Он снова постучал чашкой о доски завалинки и, бросив чашку на землю, налил в неё из банки молока. Бряк подбежал и с хлюпаньем принялся лакать.
Я, чувствуя себя осоловелым и разбитым после непродолжительного дневного сна, сел, спустив ноги с топчана, и посмотрел на часы. Шесть, седьмой. Что-то снилось беспокойное…
— Сделал сепаратор?
Семён поставил банку из-под молока на перила крылечка.
— Сделал. Два раза вот молоко перегнал, вроде нормально.
Он сел на ступеньку и достав из нагрудного кармана рубашки сигарету, закурил. Я, прямо в носках, подошёл к бочке, пощупал воду, снял косуху, бросив её назад на топчан, и стал умываться.
— Ну что, картошку-то печь надумал? — спросил Семён, плюнув в ладонь и затушив в плевке окурок.
— Ага, — сказал я, стряхивая воду с волос и бороды.
Семён бросил в сторону окурок, вытер ладонь о штанину и встал.
— Ну, давай, сейчас принесу. Распочал я там маленько уже…
Мы сидели за столом под навесом и ели горячую печёную картошку, макая её в подсоленное подсолнечное масло, налитое в блюдце. На дворе заметно потемнело из-за набежавших туч, а крепчающий ветер сердито шумел ветками по кровле.
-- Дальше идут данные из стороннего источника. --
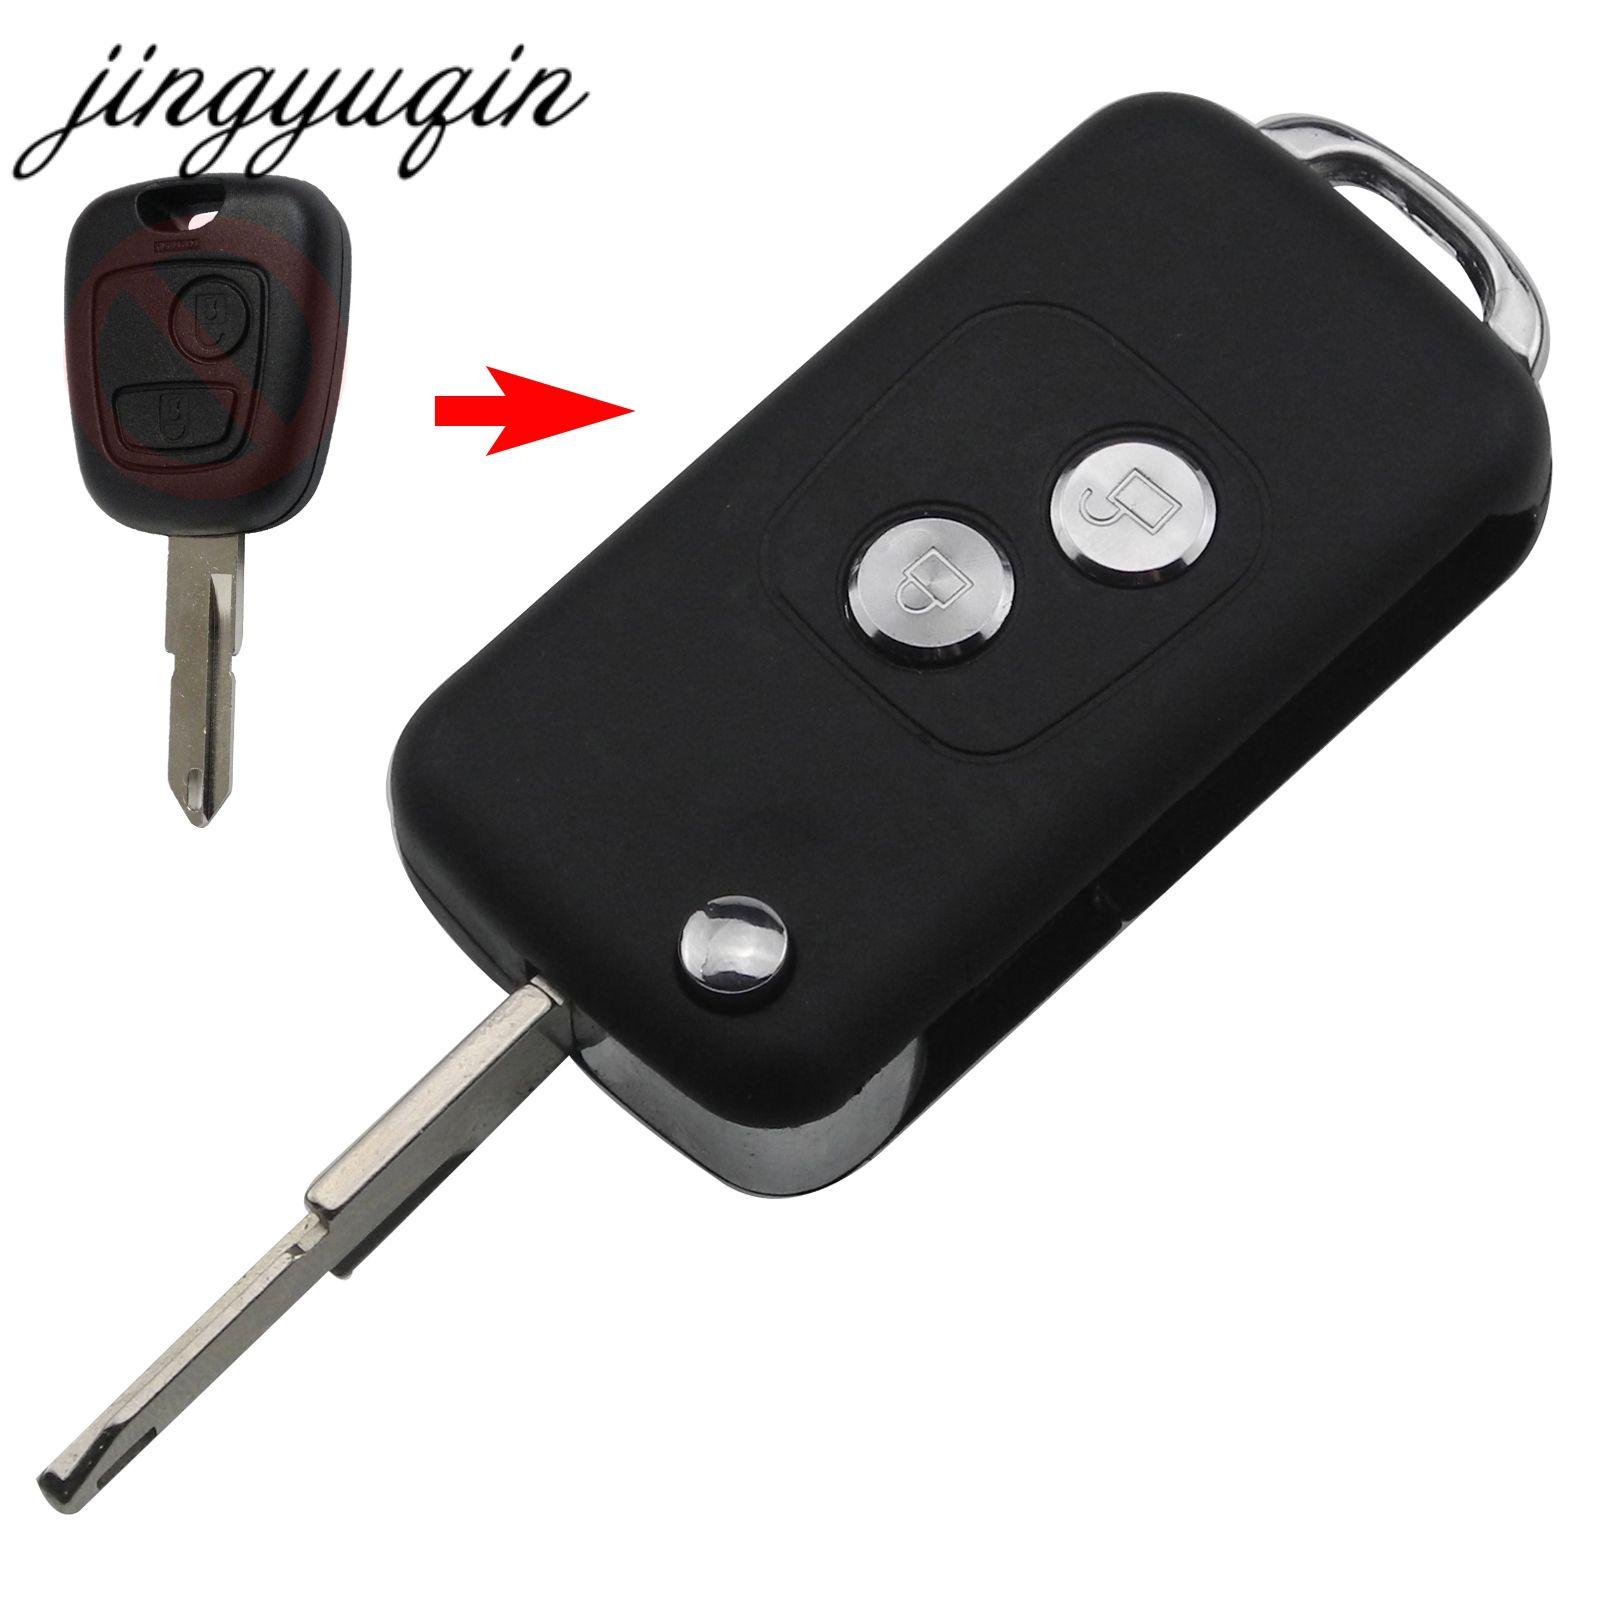 Jingyuqin Geändert Flip Folding Key Fob Fall für Peugeot 206 207 Citroen C2 Fernbedienung Auto schlüssel Shell-Ersatz

Водки я пригубил совсем немного, за компанию, закусив её хлебом, зелёным луком и редиской, сдобренной крупной солью. Кроме ножа на столе не было ни ложек, ни вилок, потому нарезанное крупными ломтями сало, и обугленную местами до черноты картошку брали прямо руками.
— Никак ночью дождь будет, — сказал Семён, опрокинув очередную порцию водки в рот и тут же закурив. — Давно не было. Это твой, наверное, тебя догнал.
— Ага, всю дорогу за мной гонится. Два раза уже намочил.
— Так ты куда едешь-то?
— Домой в Новосибирск. К друзьям в Братск в гости ездил.
— Порядочно, — кивнул Семён. — На машине-то сподручней.
— Можно бы и на машине, — согласился я. — Да люблю вот на мотоцикле, а на машине на работу езжу.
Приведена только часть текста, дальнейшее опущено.